The Judges: Week 14

In 2011, each week 10 judges will review two short synopses from films that are currently in development.

The objective is to all (that includes us judges) learn from the exercise.

Please comment on our comments!

Creative Commons License photo credit: swanksalot

If you have an opinion on any of these synopses or the feedback from the judges, please share it with us in the comments below.

Please keep the discussion constructive. Even if your first instinct may be subjective, try to give us as objective a reply as possible.

LAST DANCE


“Two Palestinian suicide bombers target a synagogue packed to capacity for Sabbath services. One blows himself up claiming many lives; the other escapes and holds hostage a female holocaust survivor. As the police close in, a strange relationship develops between the woman and the would be bomber. Past and present collide. She lost her family at Auschwitz and he lost his during an Israeli attack.”

 

The judges’ votes:


 

Do you want to see this film?

Yes: 40% – No: 40% – Not sure: 20%

Would Australians want to see it?

Yes: 40% – No: 40% – Not sure: 20%

Would it work in rest of the world?

Yes: 40% – No: 20% – Not sure: 40%

The judges’ verdict:


 

Margaret: Good set-up but it’s not clear what the goal is. Once the bomber escapes and takes a hostage, what is his goal and how does his relationship with the hostage affect it? The last two sentences are also completely unnecessary. Once we know a suicide bomber has captured a holocaust survivor, it’s very clear exactly what the tensions between them are. The writer would have been better served with an additional sentence about the goal.
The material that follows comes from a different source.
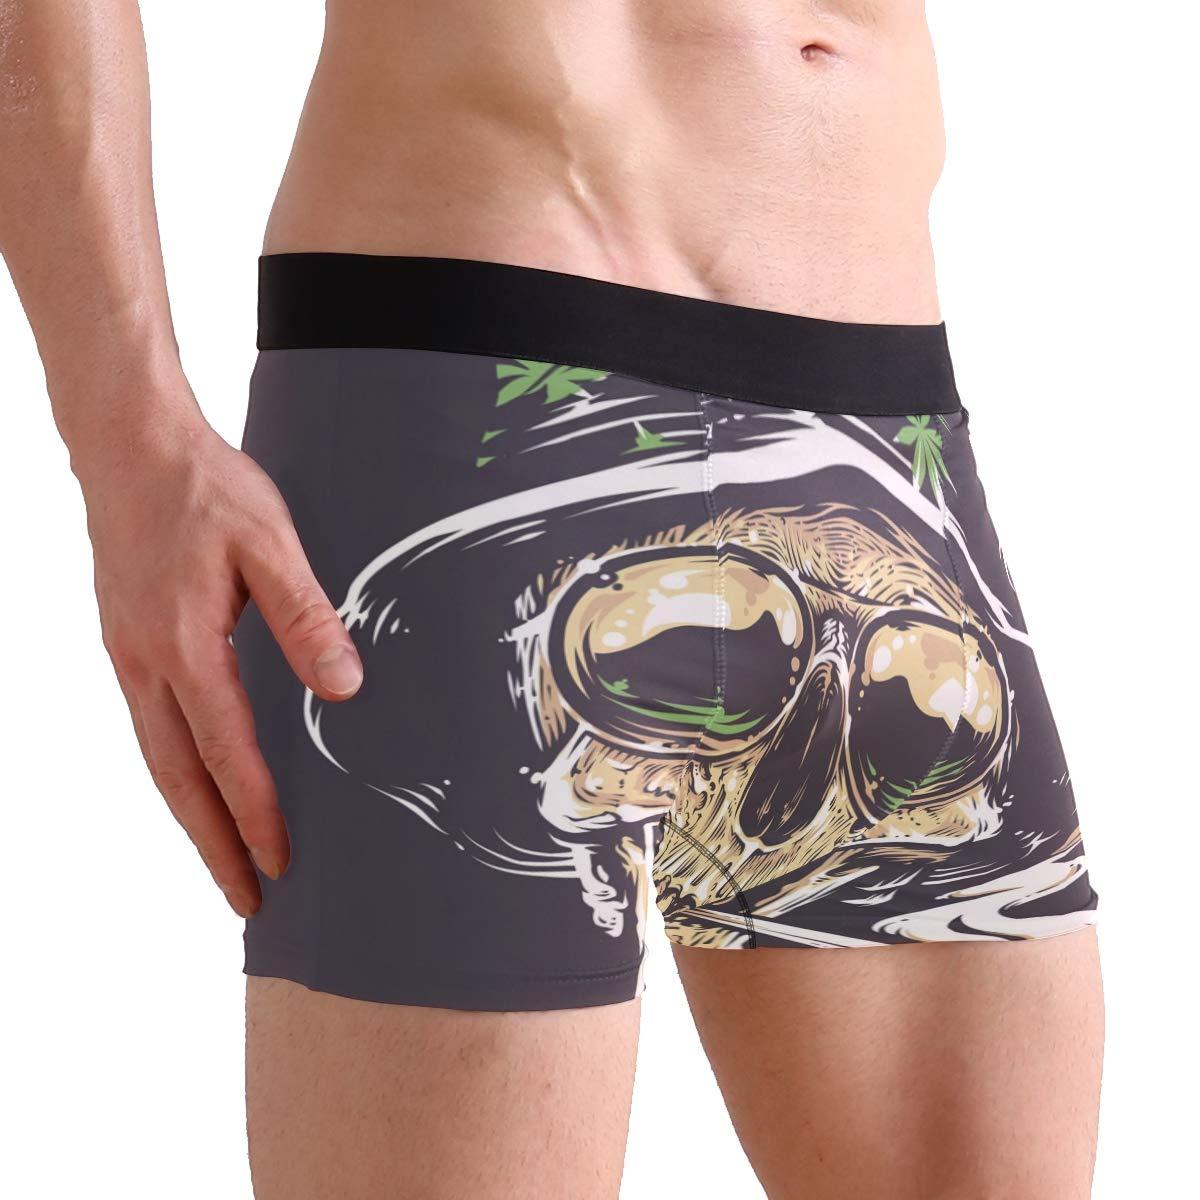 Mens 2-Pack Boxer Briefs Polyester Underwear Trunk Underwear with Skull Art Design

The writer would have been better served with an additional sentence about the goal.

 

Dan: Good logline. It gives specific information about the main characters and holds lots of promise for inevitable conflict. I now want to know how this story will play out and that should be the ultimate goal for a logline. Due to the logline though, it does feel there’s a chance this film will be preachy. Perhaps removing the last line would lessen the tone of impeding didacticism and keep the focus on the strong characters and story.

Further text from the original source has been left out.